To do this at scale, you need licensing, credibility, and regulatory trust. Kestrel achieves this by partnering with AmTrust subsidiaries, which gives them broad licensing across all 50 states without needing to build their own carrier network from scratch. They’ve also secured an A- rating from AM Best and are arguably one of the most credible teams in the industry given the leadership team’s track record.
Leadership
The company is led by father-son duo Terry and Luke Ledbetter. The Ledbetter family founded State National in 1973 in Bedford, Texas. They pioneered the “fronting model” and grew from a small family business into a nearly billion dollar organization when acquired. They are now using that playbook with Kestrel – but with better tech, more diverse lines of business, and a stronger network.
Along with the Ledbetter’s Kestrel has recruited a number of the key members of State National. They have already launched seven programs across areas like workers' comp, general liability, cyber, and commercial property. A key part of the strategy is operating in markets like these that are more niche resulting in less competition and more pricing power than larger, more competitive markets, such as South-East Hurricane risk.
Overview of the Merger
This is a reverse merger. Kestrel is taking over Maiden’s public listing (not too dissimilar from a SPAC transaction), with the new combined company to be named Kestrel Group and listed under the ticker "KG". Maiden shareholders will own about 65% of the combined company post-merger, expected to close mid-2025.
There’s also $56 million in deferred tax assets on the books, value that isn’t yet recognized but could be realized over time.
Importantly, Maiden took a large non-cash write-down in late 2024 to align its asset values, essentially clearing the decks before the merger. This will result in a one-time gain for Kestrel at closing but shouldn’t be viewed as recurring earnings.
Near Term Growth and Valuation
This is a rare setup: top-tier operators running a micro-cap public company. They’ve done it before and now have better tools and broader reach. They’re targeting a space that’s grown fast, is still evolving, and where strong execution can really separate the winners.

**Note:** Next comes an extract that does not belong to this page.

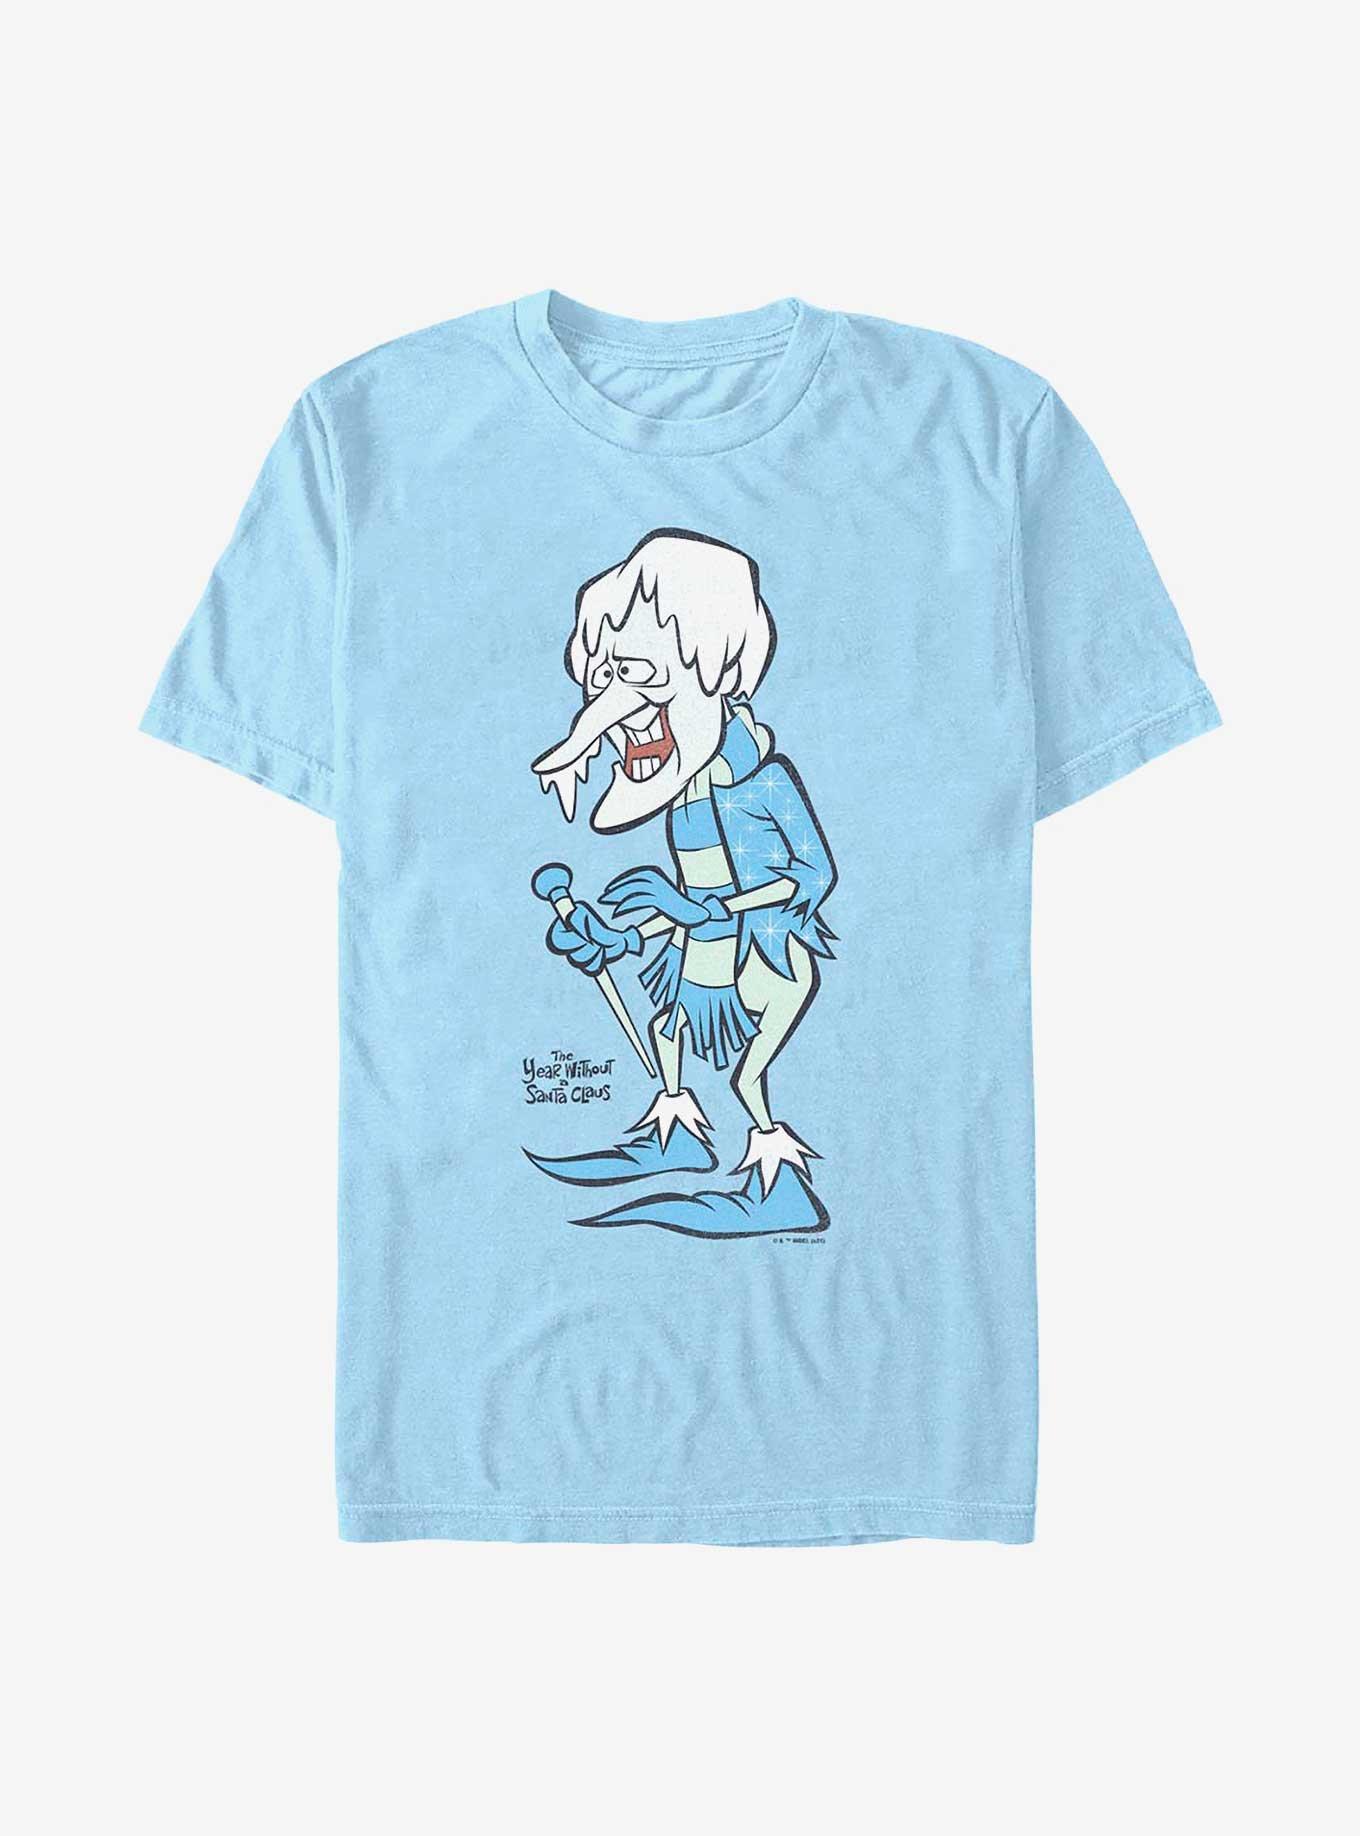 Snow Miser And Heat Miser Are Too Much Tank Top - Maxxtees
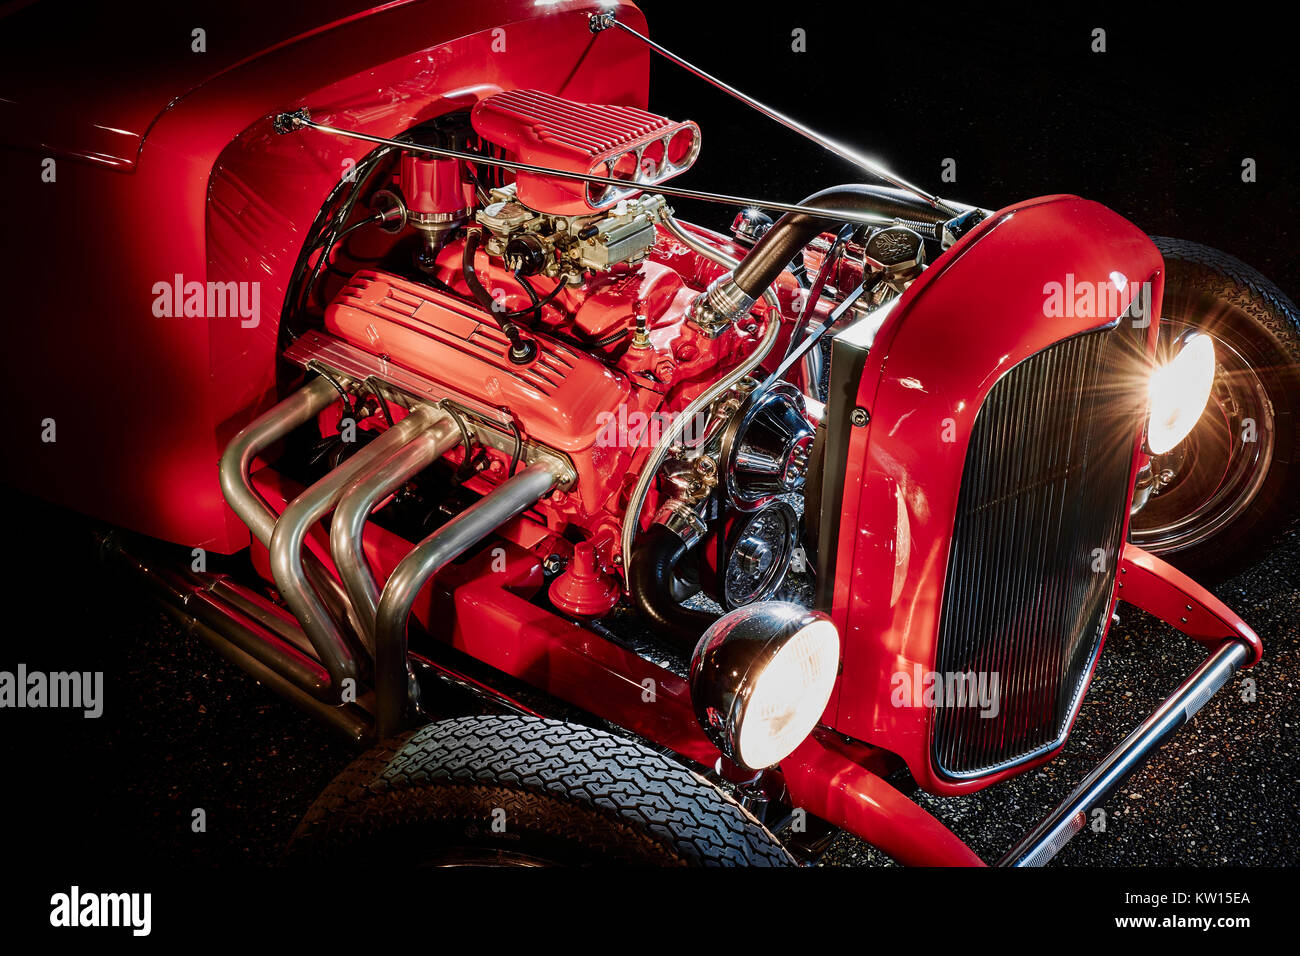 Isolated on black, red Ford hot rod engine showing the detail of the headers, pipes and four barrel carburetor, shot at night using light painting. Stock Photo

The fronting market is getting more crowded, but barriers remain high, especially around licensing and trust. Kestrel’s management and setup give it a real edge. And given the growth of their programs, they’re likely to hit their goal of $1 billion in written premium by 2026. That translates to about $25 million in EBITDA.
At 15x 2026 EBITDA (lower end of range of recent comparable transactions), the stock could be worth around $1.30 per share or roughly 30% upside from current levels.
This is a short-term valuation exercise to ensure we are paying a fair price, but the real value here is over the longer term.
Long-Term Growth Potential
I believe Kestrel has the potential to become a $1B+ business (multi-bagger from todays’ levels), similar to State National (SNC), which was acquired by Markel in 2017 for $880M when it was writing ~$1.2B in premium (acquired at roughly 70% of GWP).
The fronting market has expanded meaningfully since 2017, Gallagher Re estimates it reached $28B in 2024, up 26% YoY. Even assuming a more measured 7% CAGR, the market could hit $40B within five years. A 3% market share would put Kestrel at ~$1.2B in GWP, right where SNC was when it was acquired for $880 million.
It’s still early, Kestrel only wrote $143M in premium last year, but this is a bet on a proven team operating in a large and growing market.
Risks
If the deal falls through, you’re left with a runoff business. Maiden has had a spotty reserving history, so there’s always a risk of further surprises. And if insurance markets soften, growth could take longer than expected.
Conclusion
This is a bet on a proven team executing a familiar strategy, but with better tools and a cleaner setup. Maiden is just the wrapper. The real story is Kestrel, which has multi-bagger potential over time as they scale.
Disclaimer
This publication should not be construed as investment advice. All assertions are solely the opinion of the author. The author may hold positions in the securities discussed or advise others that hold positions in the securities discussed. This publication is worked on during free-time, which reduces the amount of time and depth that can be spent on research and due diligence. Do your own research.
That was quick... merger completion for this idea announced this morning (05/27/2025)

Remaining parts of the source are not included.